When I refer to the involvement of social and economic factors, the immediate response from Government Members may be to claim that I am an apologist for what has happened. I am nothing of the kind. Like everyone else, I condemn the looting, the arson and the manner in which mobs were in control in the absence of the police. In some cases law-abiding people feared for their lives. That was the case in West Bromwich and Wolverhampton, which is near my constituency, and of course there was the tragic killing of three young men in Birmingham. I am not an apologist for law-breaking and never will be, but there are social and economic factors, such as deprivation and gangs. Questions have rightly been raised about the involvement of youngsters, some of them only nine, 10 or 11 years old, and, of course, the lack of parental control. Those are all part of the social and economic factors to which I have referred.

In the limited time available, I want to talk about the police. It is interesting that when Members have spoken today they have referred to the fact that the police were not around or that not enough of them were around. No one has suggested for one moment that there were too many police. We heard from my right hon. Friend the Member for Croydon North (Malcolm Wicks), for example, that it was impossible to contact the police. In those circumstances, I ask the Ministers who are present, and the Prime Minister and the Home Secretary, who are no longer in their places, whether it really makes any sense to go ahead with the proposed cuts.

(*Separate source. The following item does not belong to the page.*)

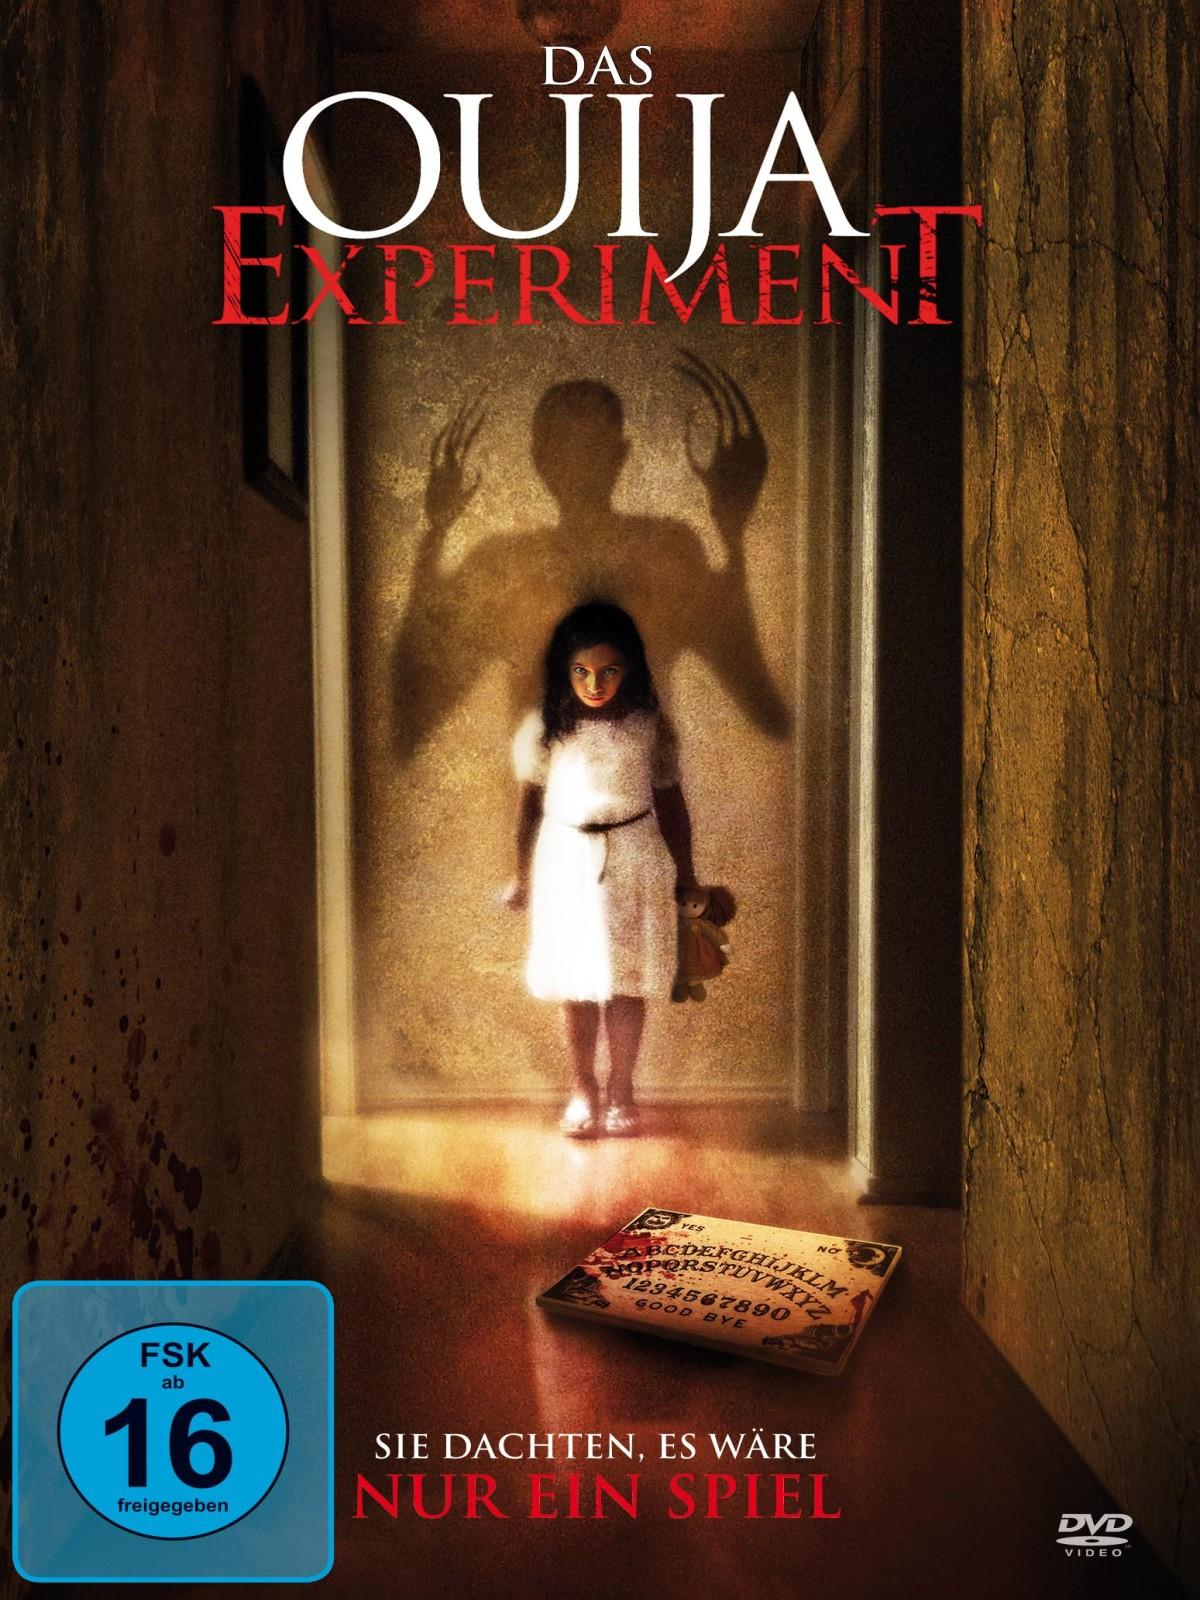 Das Ouija Experiment Trailer Deutsch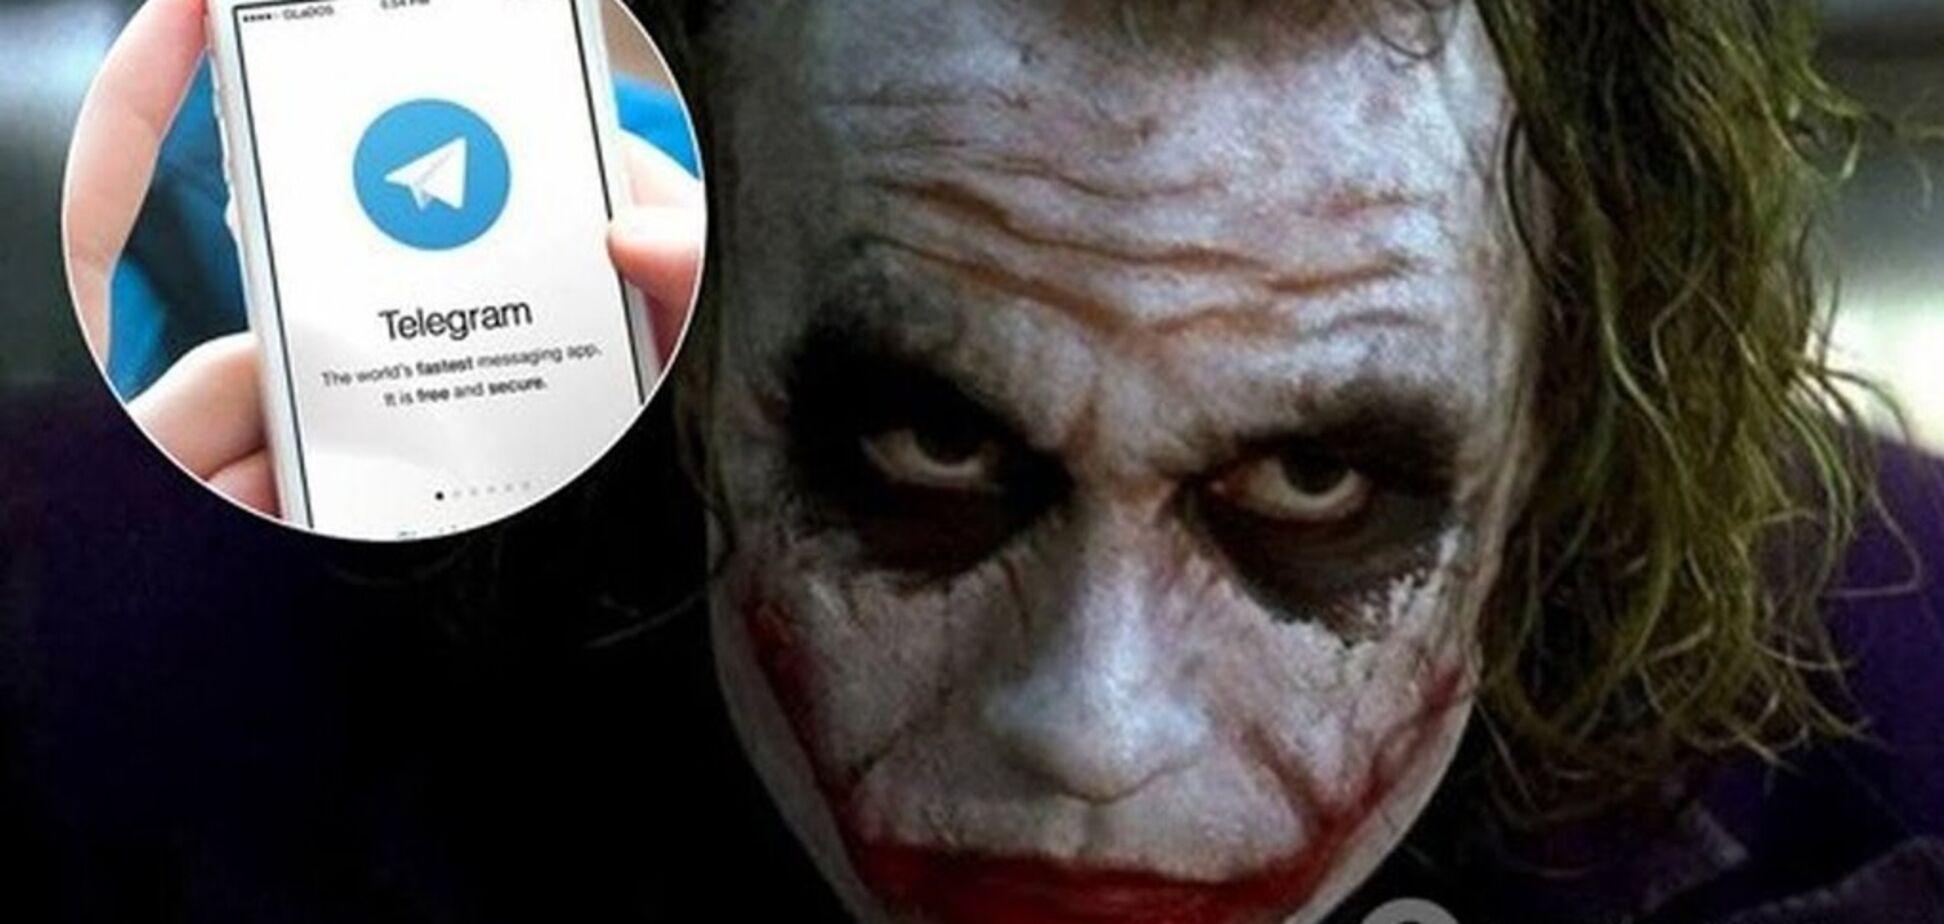 Пранкер Джокер має компромат: політиків чекають скандали

In the west midlands it is intended that there will be 1,000 fewer officers. Indeed, more than 100 officers who have more than 30 years’ service have already been asked to leave against their wishes. They do not want to retire from the police service. The Government have argued time and again that that is necessary because of the cuts, but I believe that reducing police numbers and taking the view that what has happened in the past few days will not be repeated is very foolish. I know that my view will be dismissed as purely party political.

The other point I want to make is that I am very wary indeed of rubber bullets, water cannon and the rest of it. I am, always have been and probably always will be a firm believer in the ordinary policing that has been used in this country. In my view, the use of water cannon, rubber bullets and the rest of it, which has been suggested, far from resolving the issue, would probably escalate it and would have made the situation in the last four nights even worse. Let us put our confidence in ordinary policing and for heaven’s sake not go ahead with the reduction in police numbers. It makes no sense at all.